### PROBLEM TO WORK ON
For the material below, output exactly the span from the line with "マンハッタン石膏ラベプレツヤ パーフェクト (歯ブラシ) 《 1本入 》" to the line with "Simple Yellow Eye Makeup Pyokkibun", including both, and nothing besides.

### INPUT DATA
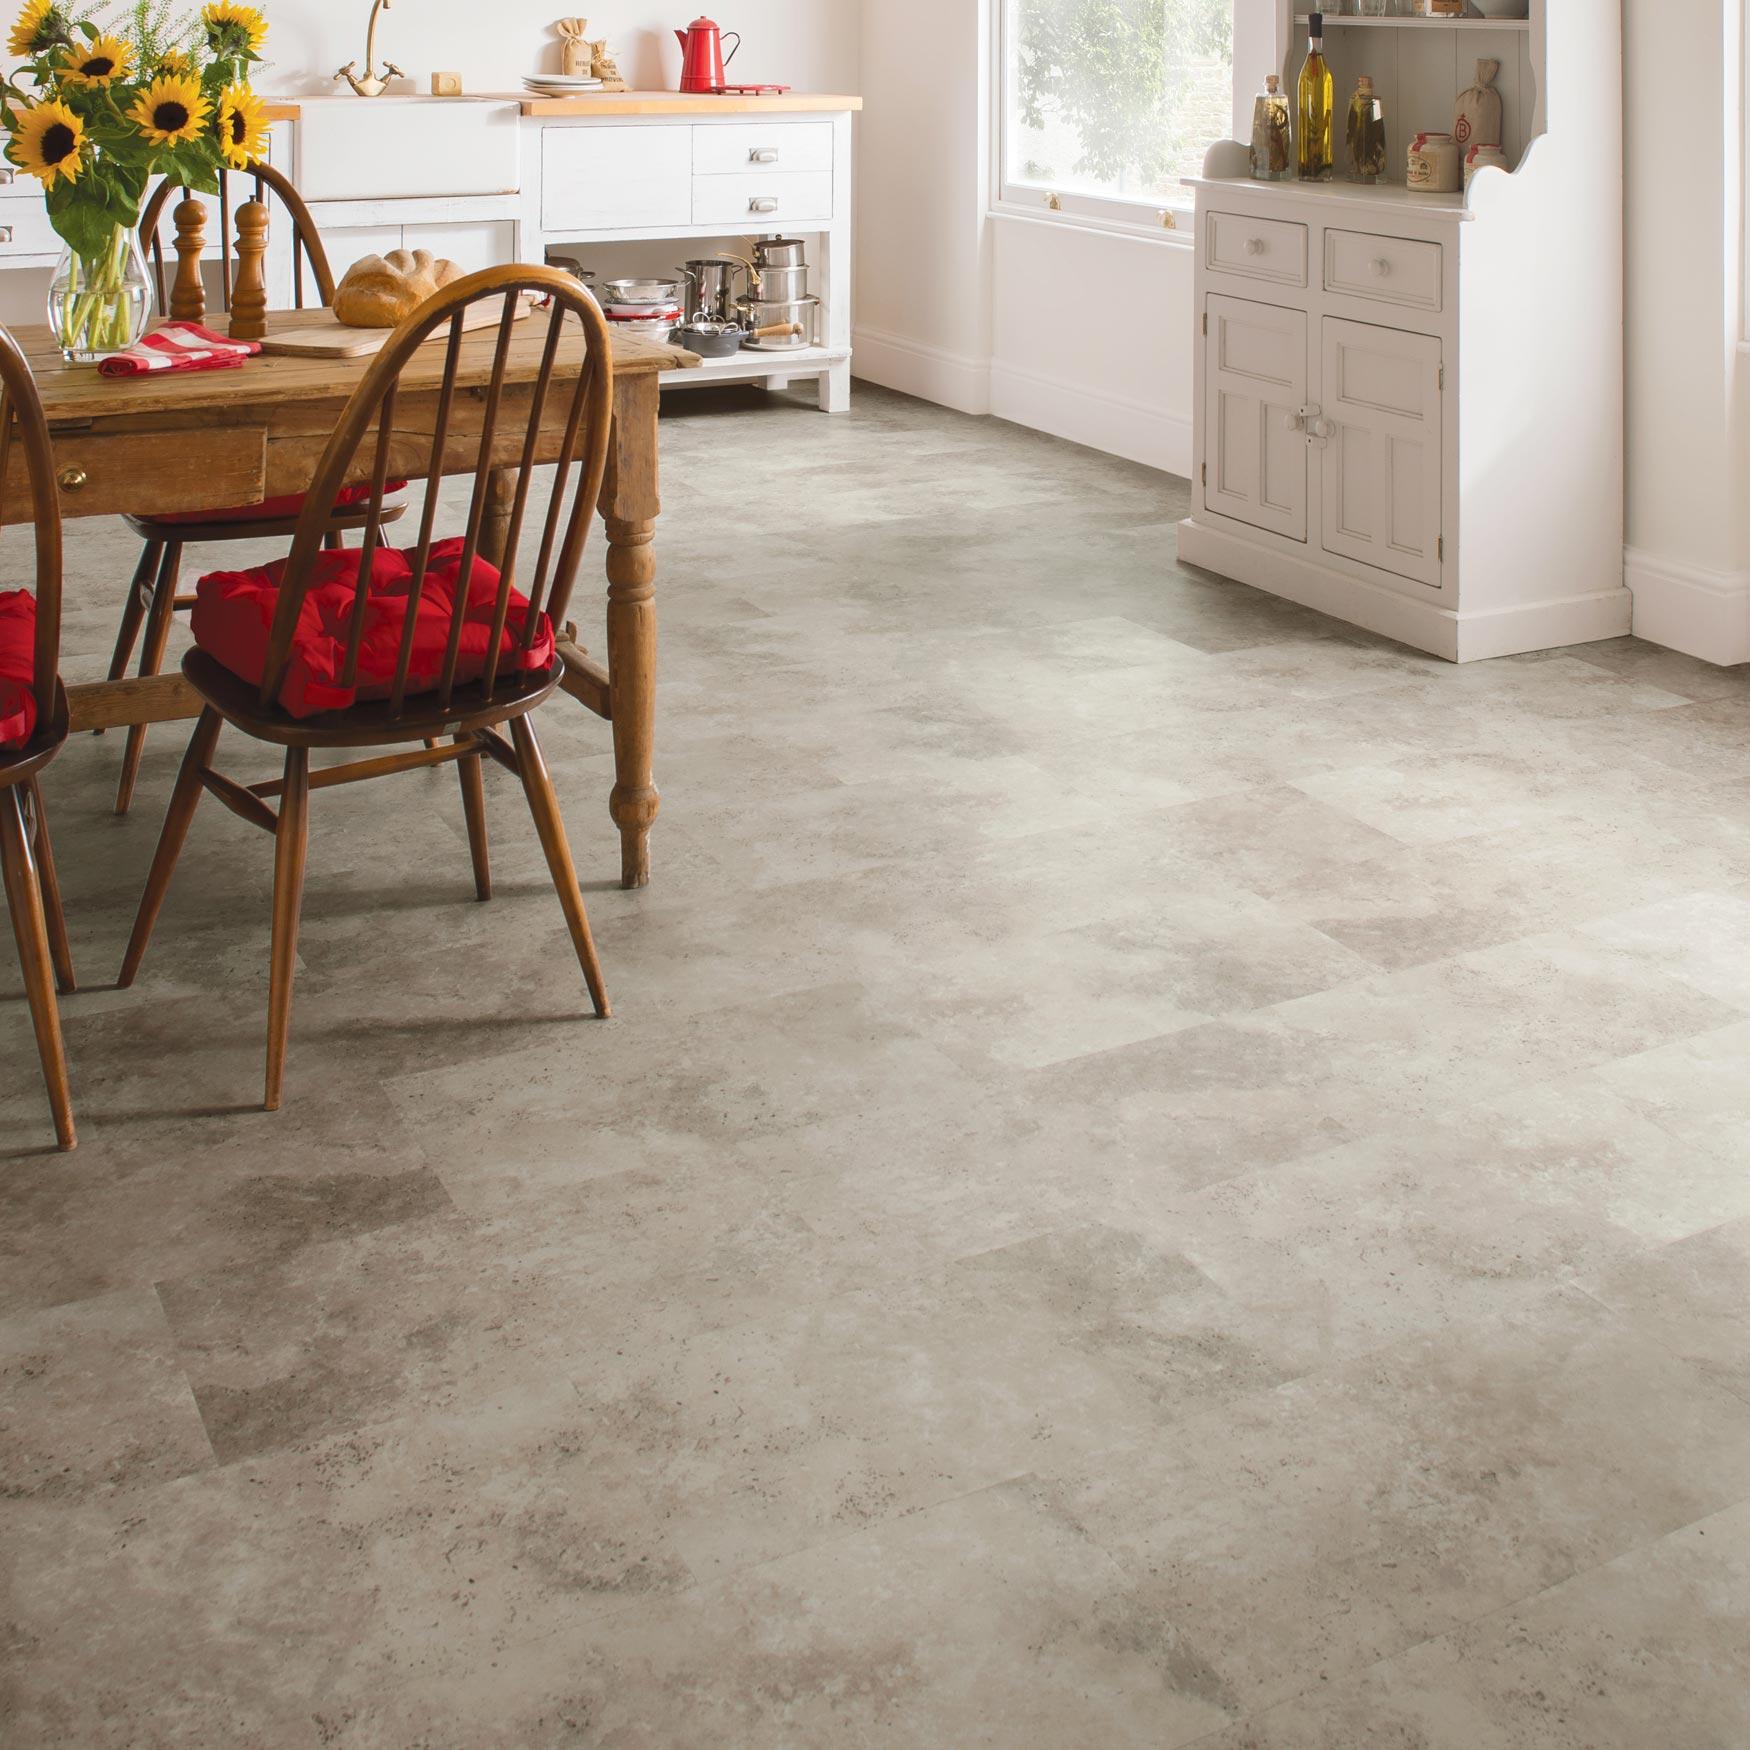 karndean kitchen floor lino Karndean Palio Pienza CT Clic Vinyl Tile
--
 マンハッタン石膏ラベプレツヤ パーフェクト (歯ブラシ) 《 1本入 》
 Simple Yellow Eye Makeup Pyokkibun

### COMPLETED TASK
 マンハッタン石膏ラベプレツヤ パーフェクト (歯ブラシ) 《 1本入 》
 Simple Yellow Eye Makeup Pyokkibun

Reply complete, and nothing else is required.